Researchers found a non-public Telegram channel-based backdoor within the data stealing malware, dubbed Prynt Stealer, which its developer added with the intention of secretly stealing a duplicate of victims’ exfiltrated knowledge when utilized by different cybercriminals.
“Whereas this untrustworthy conduct is nothing new on the planet of cybercrime, the victims’ knowledge find yourself within the fingers of a number of risk actors, rising the dangers of a number of massive scale assaults to comply with,” Zscaler ThreatLabz researchers Atinderpal Singh and Brett Stone-Gross said in a brand new report.
Prynt Stealer, which came to light earlier this April, comes with capabilities to log keystrokes, steal credentials from internet browsers, and siphon knowledge from Discord and Telegram. It is bought for $100 for a one-month license and $900 for a lifetime subscription.
The cybersecurity agency evaluation of Prynt Stealer exhibits that its codebase is derived from two different open supply malware households, AsyncRAT and StormKitty, with new additions integrated to incorporate a backdoor Telegram channel to gather the data stolen by different actors to the malware’s creator.

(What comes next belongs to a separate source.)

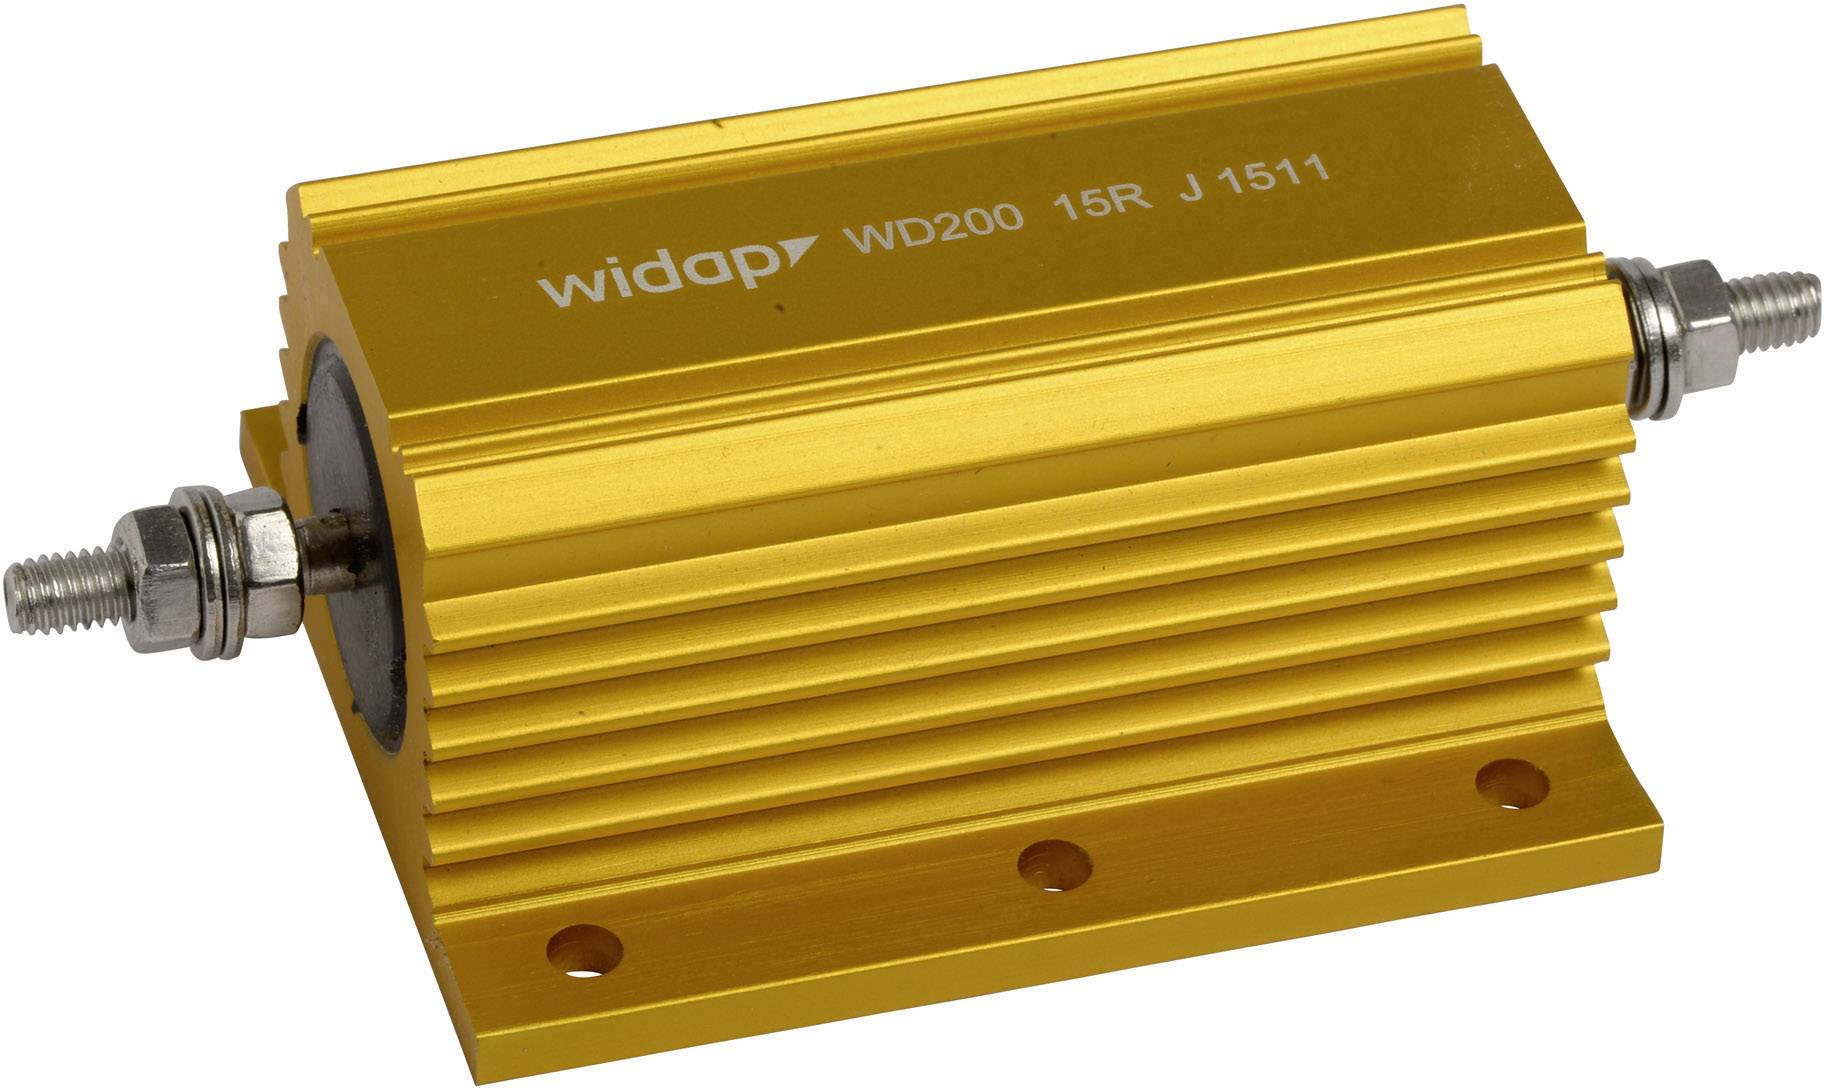 Drôtový rezistor Widap 160151, hodnota odporu 15 Ohm, 200 W, 1 ks

The code chargeable for Telegram knowledge exfiltration is claimed to be copied from StormKitty, however for just a few minor modifications.
Additionally included is an anti-analysis characteristic that equips the malware to repeatedly monitor the sufferer’s course of record for processes reminiscent of taskmgr, netstat, and wireshark, and if detected, block the Telegram command-and-control communication channels.
Whereas dangerous actors have employed related knowledge stealing ways prior to now the place the malware is given away free of charge, the event marks one of many uncommon situations the place a stealer that is bought on a subscription foundation can be sending the plundered data again to its developer.
“Be aware that there are cracked/leaked copies of Prynt Stealer with the identical backdoor, which in flip will profit the malware creator even with out direct compensation,” the researchers stated.
Zscaler stated it recognized two extra variants of Prynt Stealer variants dubbed WorldWind and DarkEye written by the identical creator, the latter of which is bundled as an implant with a “free” Prynt Stealer builder.
The builder can be designed to drop and execute a distant entry trojan referred to as Loda RAT, an AutoIT-based malware that is in a position to entry and exfiltrate each system and person data, act as a keylogger, take screenshots, launch and terminate processes, and obtain further malware payloads by way of a connection to a C2 server.
“The free availability of supply code for quite a few malware households has made growth simpler than ever for much less subtle risk actors,” the researchers concluded.
“The Prynt Stealer creator went a step additional and added a backdoor to steal from their clients by hardcoding a Telegram token and chat ID into the malware. Because the saying goes, there isn’t a honor amongst thieves.”